Joaquin De Losada

AI State Machine
Hierarchical Finite State Machine (HFSM)
2023
C#/Unity
New Alert and Searching States: An alert state was introduced to create a brief delay before the AI identifies the player as a threat. This offers the player a tactical advantage and more immersive gameplay. The searching state improves AI responsiveness by adding layers to its behavior.

FSM to HFSM Refactoring Challenges: The migration required restructuring due to multiple references to the FSM manager. A utility-based trait system was updated to accommodate both FSM and HFSM implementations, ensuring appropriate script checks and behavior adjustments.

Enhanced Parent State Responsibilities: Vision checks and awareness logic were centralized to parent states (non-combat and combat), making them responsible for timings and player detection ranges.

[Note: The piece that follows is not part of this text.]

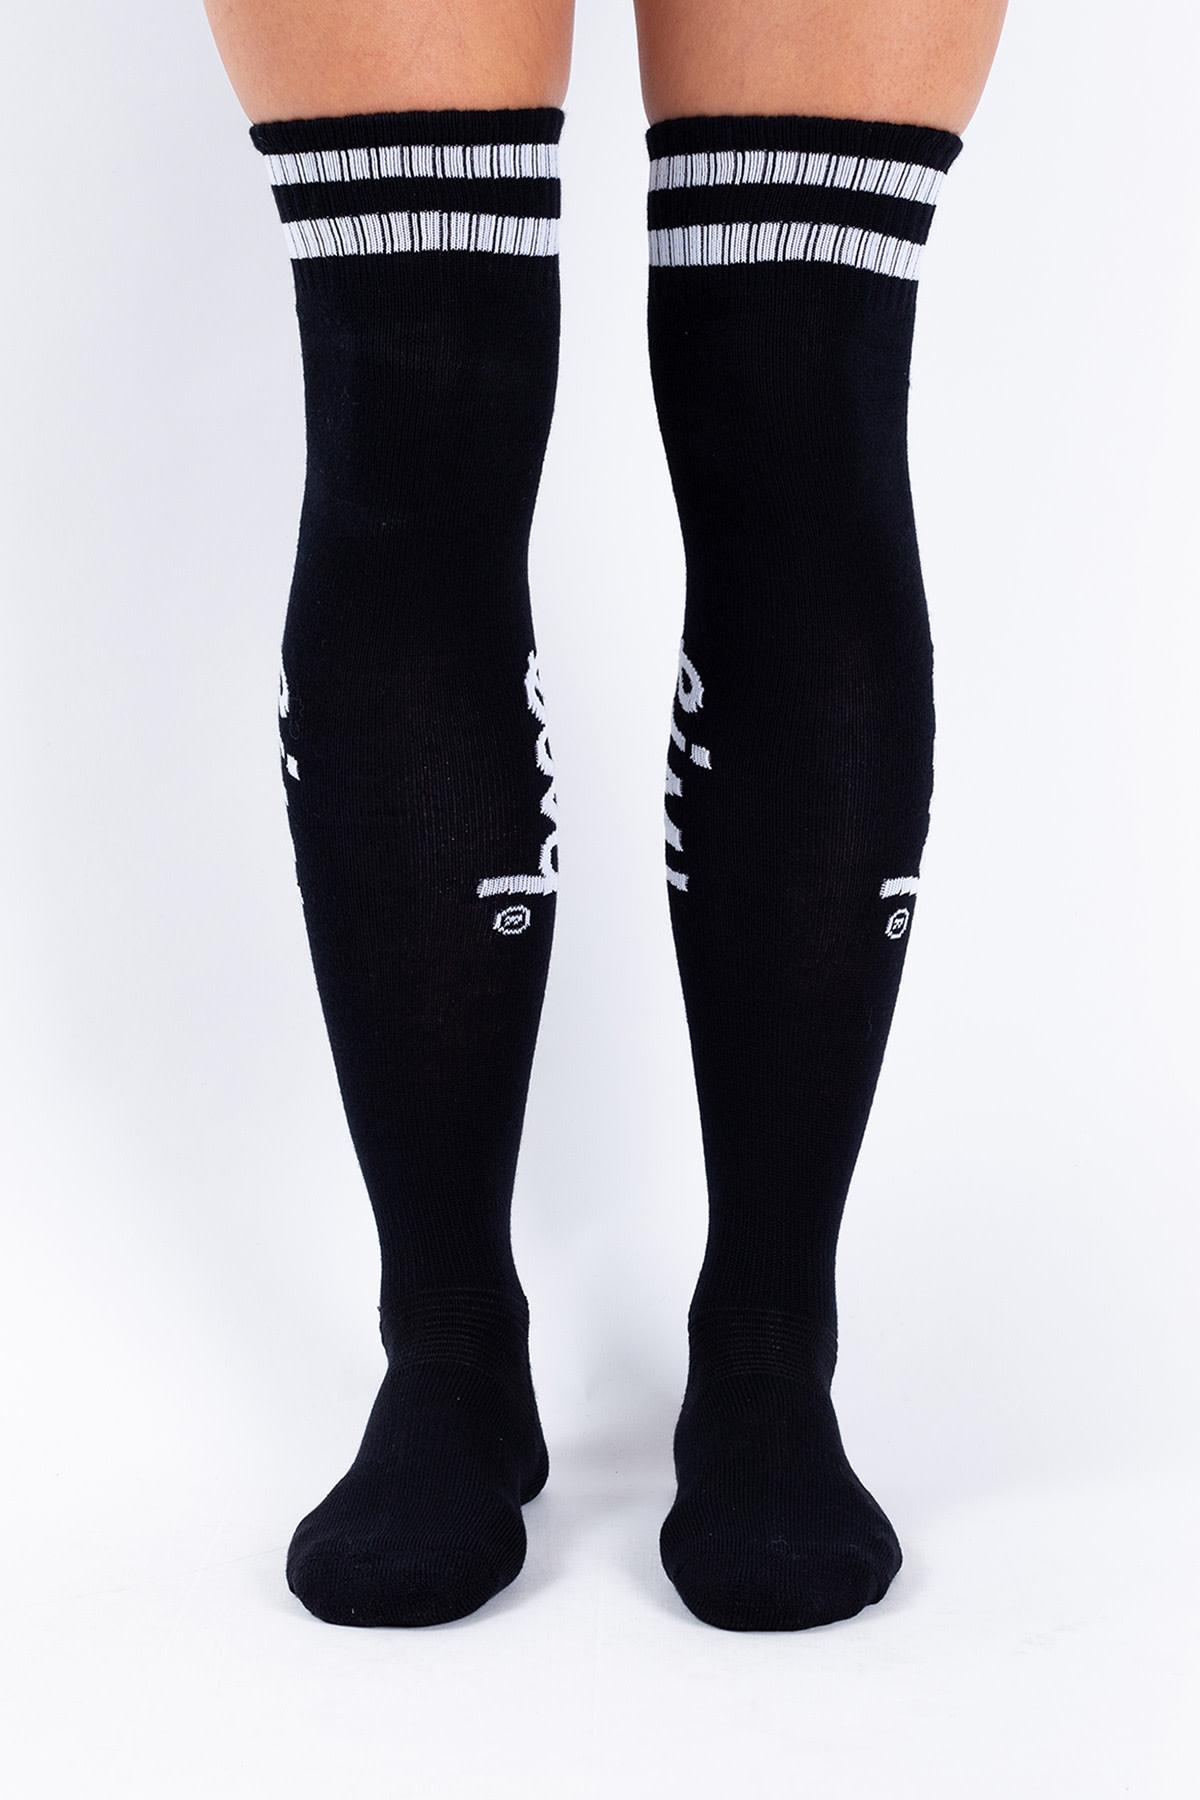 Eivy Eivy Women's Cheerleader Wool Over Knee Sock

This mimics human-like behavior by expanding awareness as danger becomes apparent.


Intro:

This post extends my previous project, “AI Finite State Machine.” After a few days of completing the project and conversing with a few friends about it, I realized that there were parts of the AI that I could improve by making it a Hierarchical Finite State Machine (HFSM). So, after some planning, I sketched out a new state machine that would implement the states I had already created as well as two new alert states and make the entire project in a Hierarchical Finite State Machine.


Changes:

The main changes made to the AI was to move most of the vision checking/information to the parent states so that each parent state was in charge of its timings and distances for looking for the player. As the player transitions from the parent non-combat state to the parent combat state, the AI will become more aware of the player and use its “senses” to look for the player. Most people might do this when searching and attacking a person, as in the beginning, they would be observant of their areas and look in a shorter area. But as they realize an enemy is nearby, they will look at a further distance, allowing them to keep track for longer.

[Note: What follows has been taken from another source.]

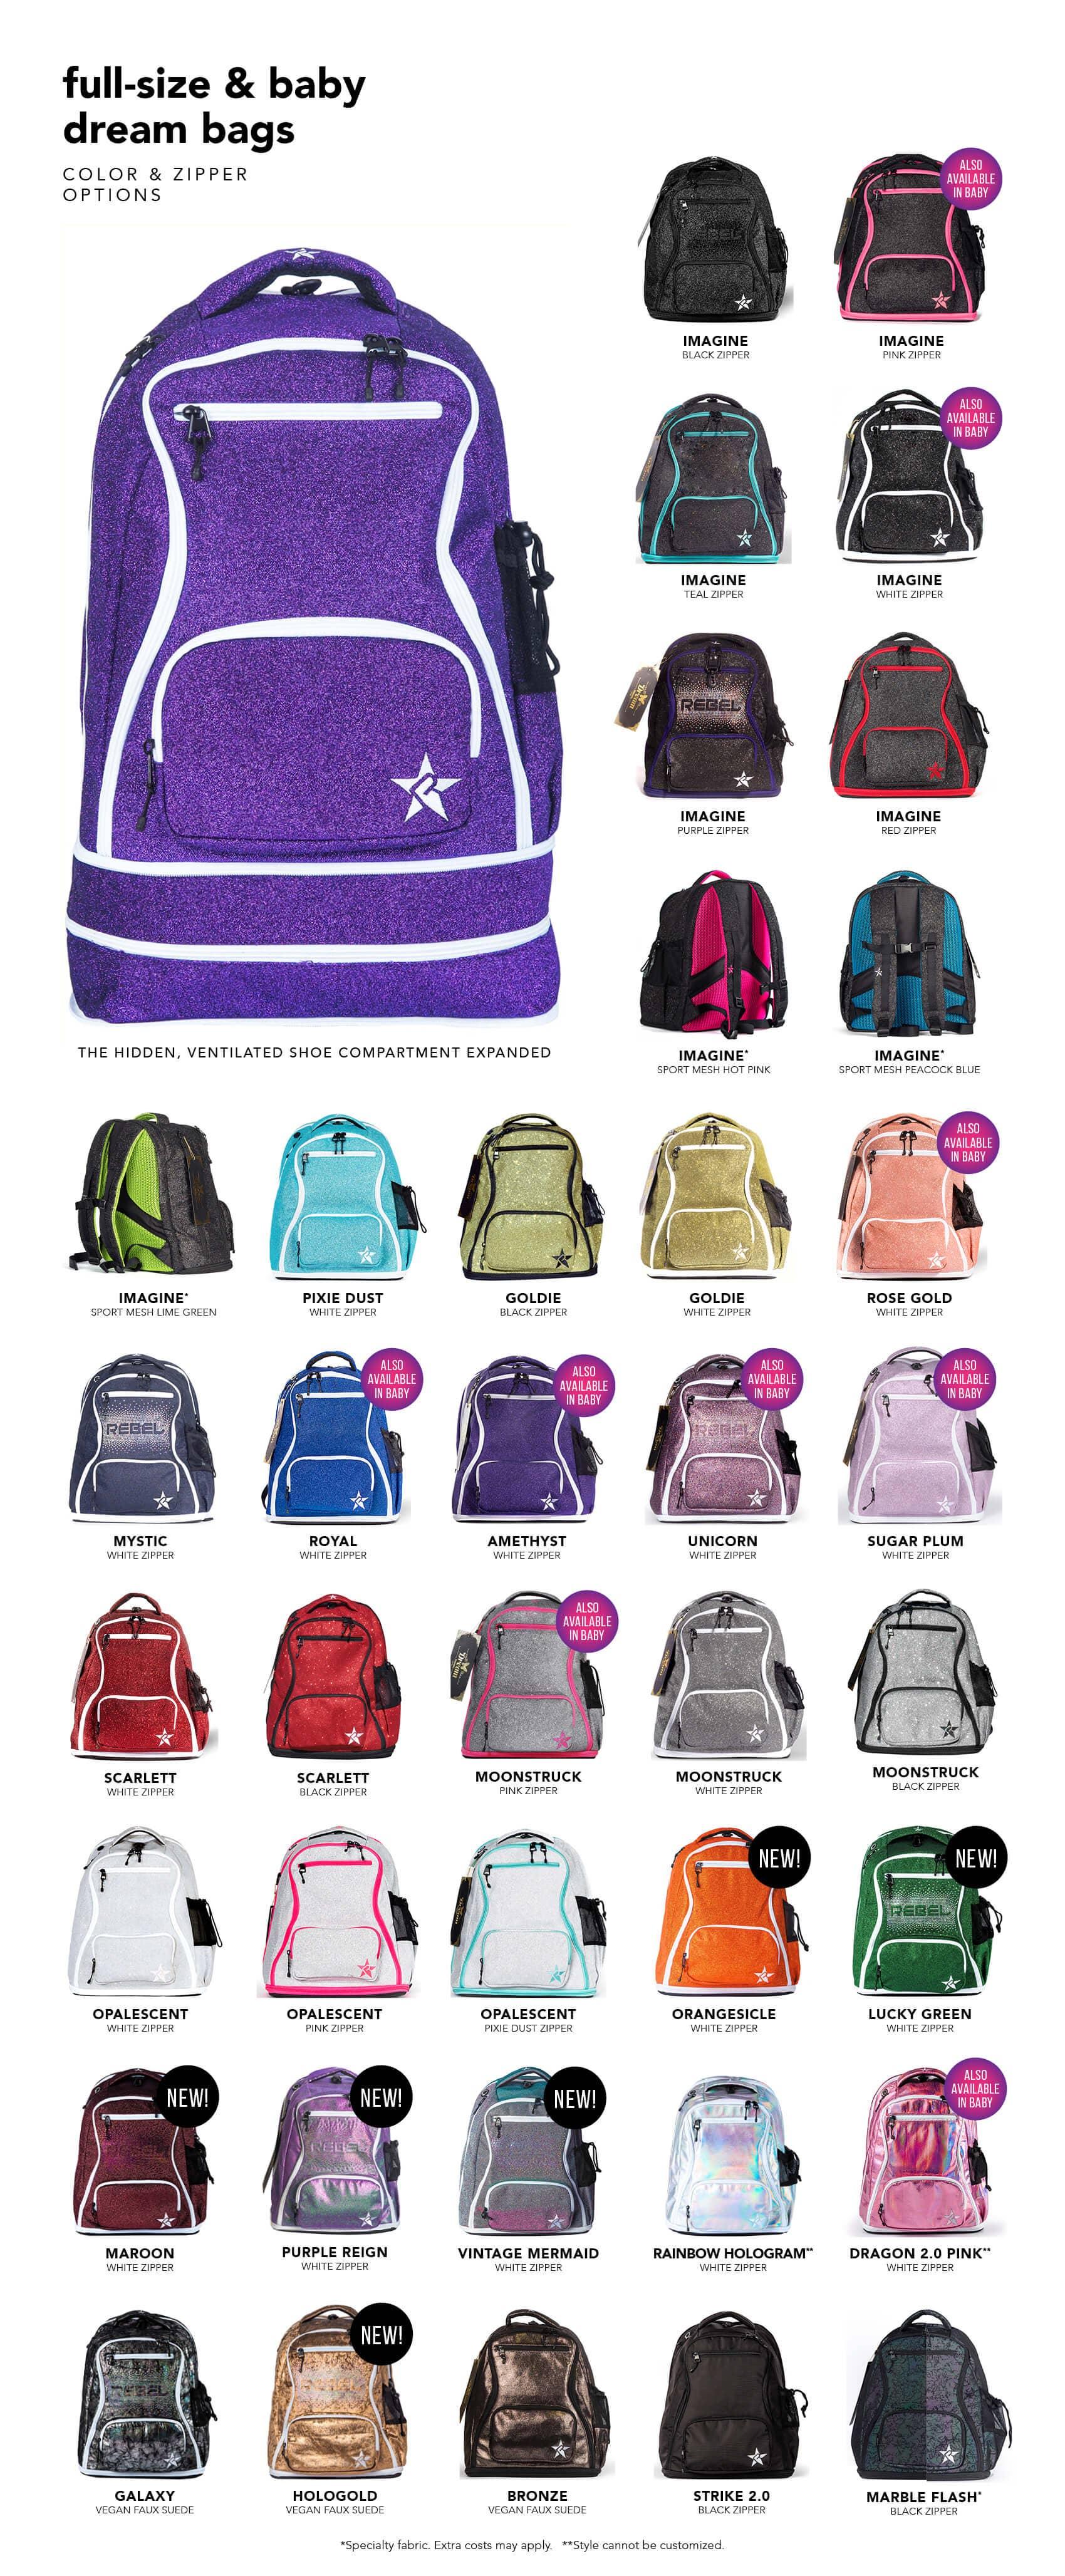 Dream Bag Color Options

Another major state I added was an alert state as well as a searching state. The main work for this group was adding an extra layer of searching for the AI. This would allow a few seconds before the AI initially notices the player as a threat. This is meant to give the player a slight advantage to get into a better position or start attacking the AI first to make the player feel faster.

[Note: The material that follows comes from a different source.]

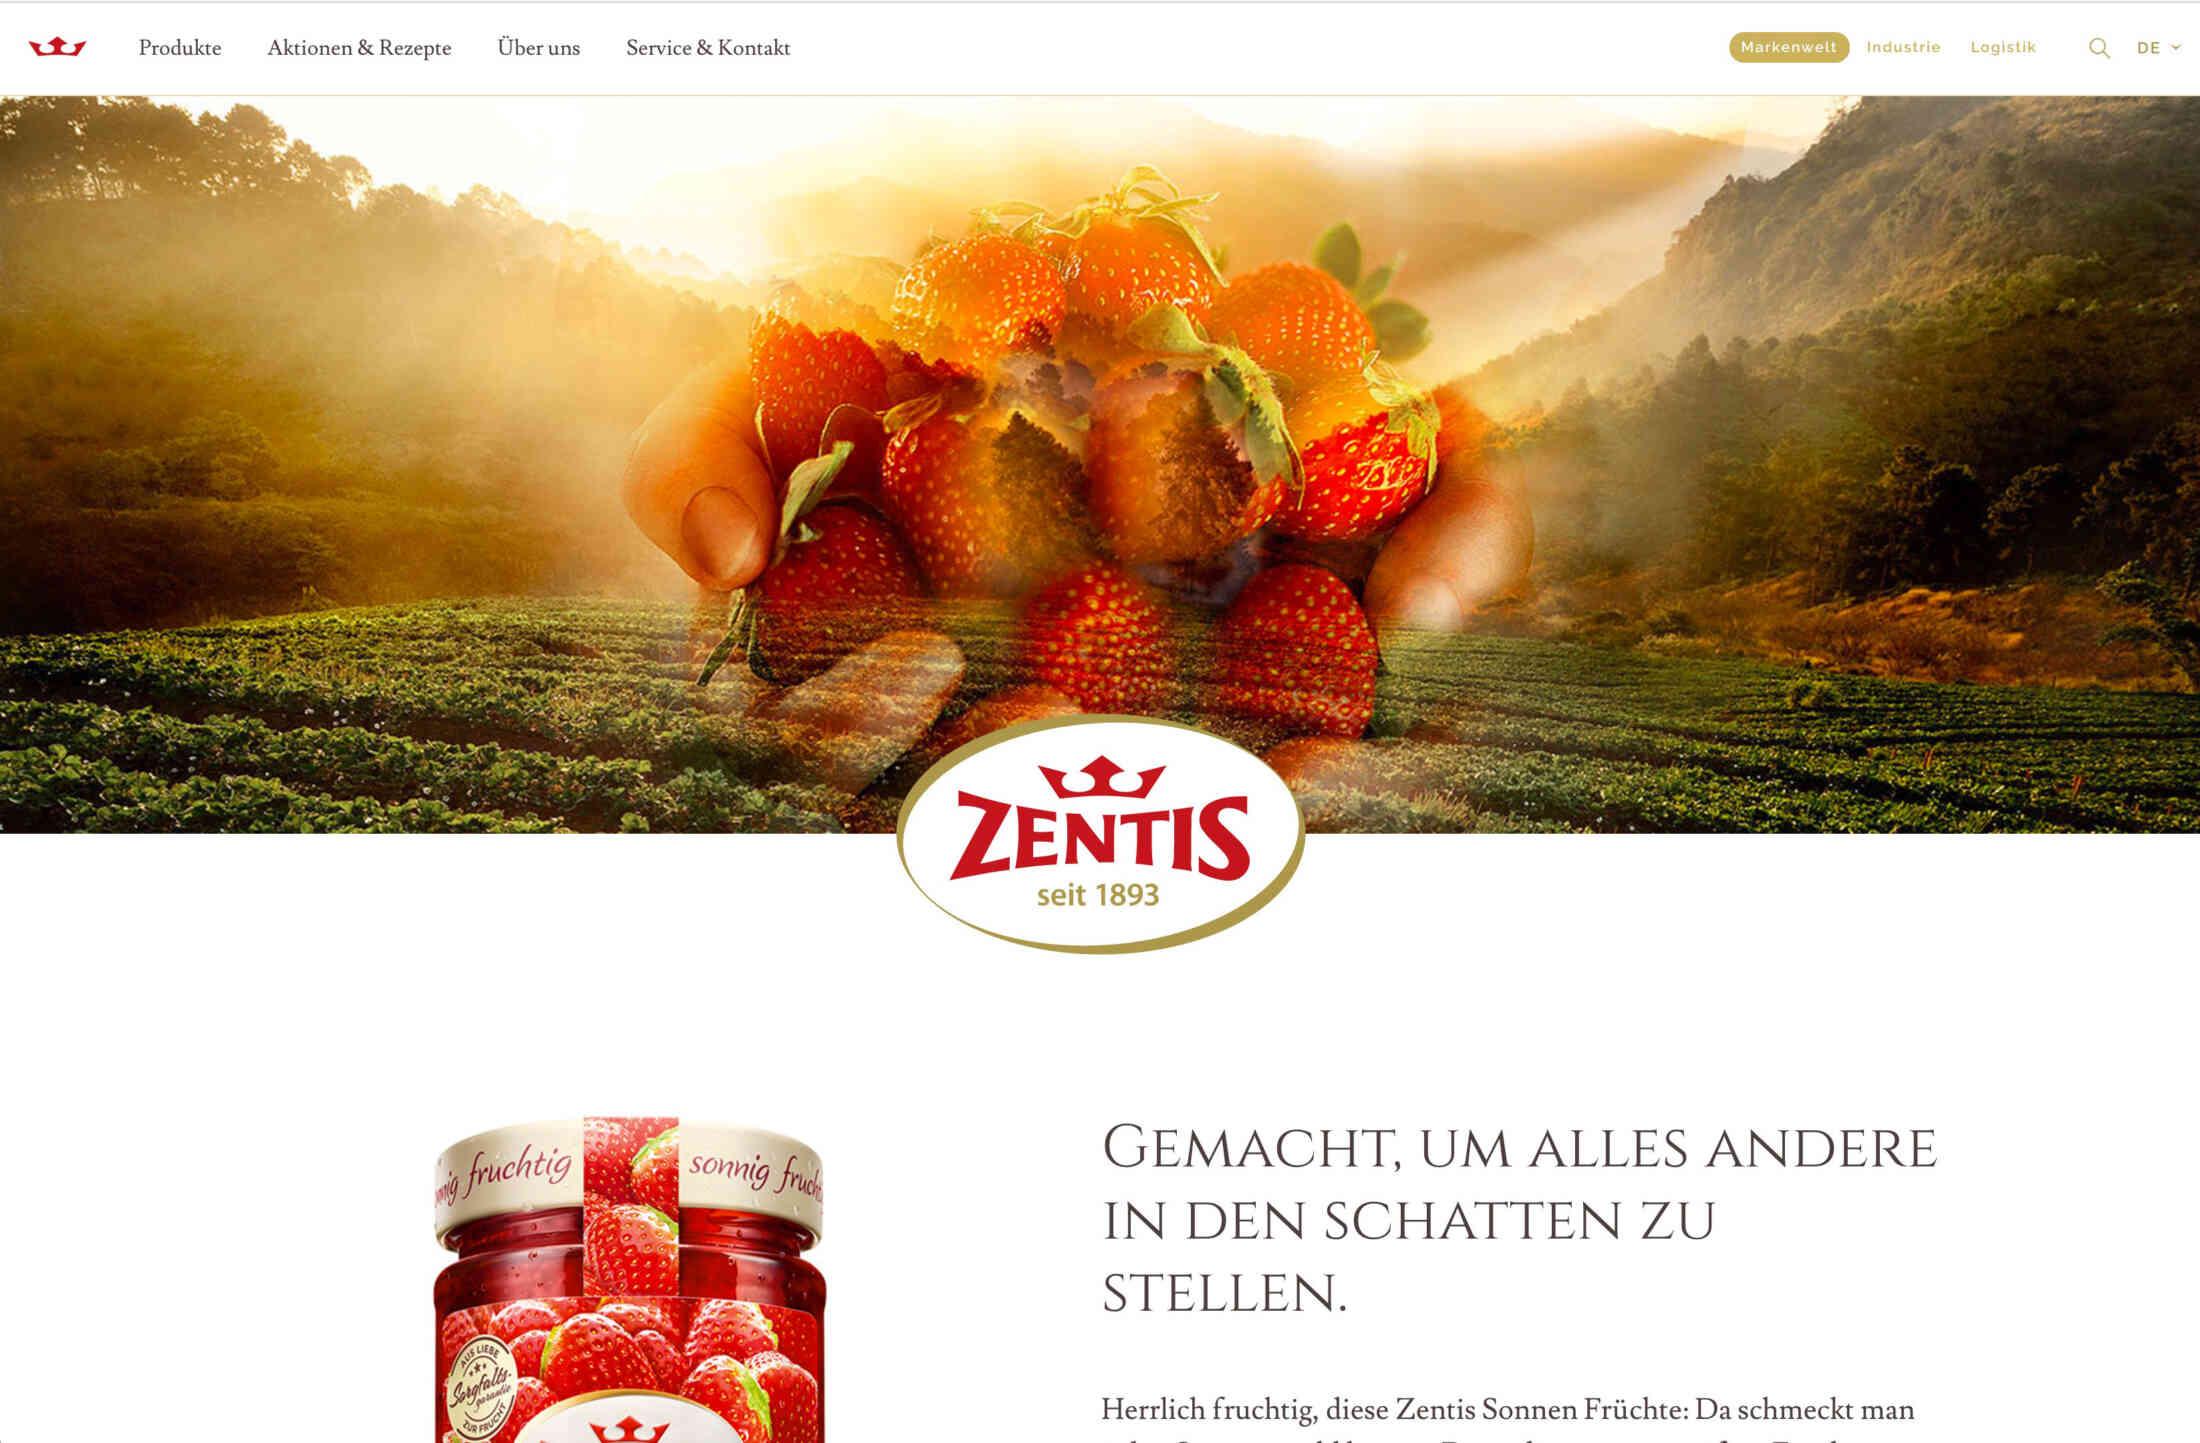 https://www.elfacht.com/uploads/portfolio/_portfolioHd/portfolio_zentis.jpg

If at any point during this alert state or being in the patrol state, the player is to shoot or another AI in an audio range is heard, they will transition to the aggression state (Combat parent state). This will lead the AI to return a utility value sent to the director AI to determine which ones are meant to attack or run to cover.


Challenges:

One of the main challenges when refactoring the project code from an FSM to an HFSM was the fact that there were multiple instances of calling the main FSM manager script. This is because, in the original FSM, I included a basic trait system that would increase or decrease the utility value when determining how willing the AI might be to attack the player. The solution I came up with was to check whether or not the AI it was fitting was an FSM or HFSM and then check the appropriate scripts.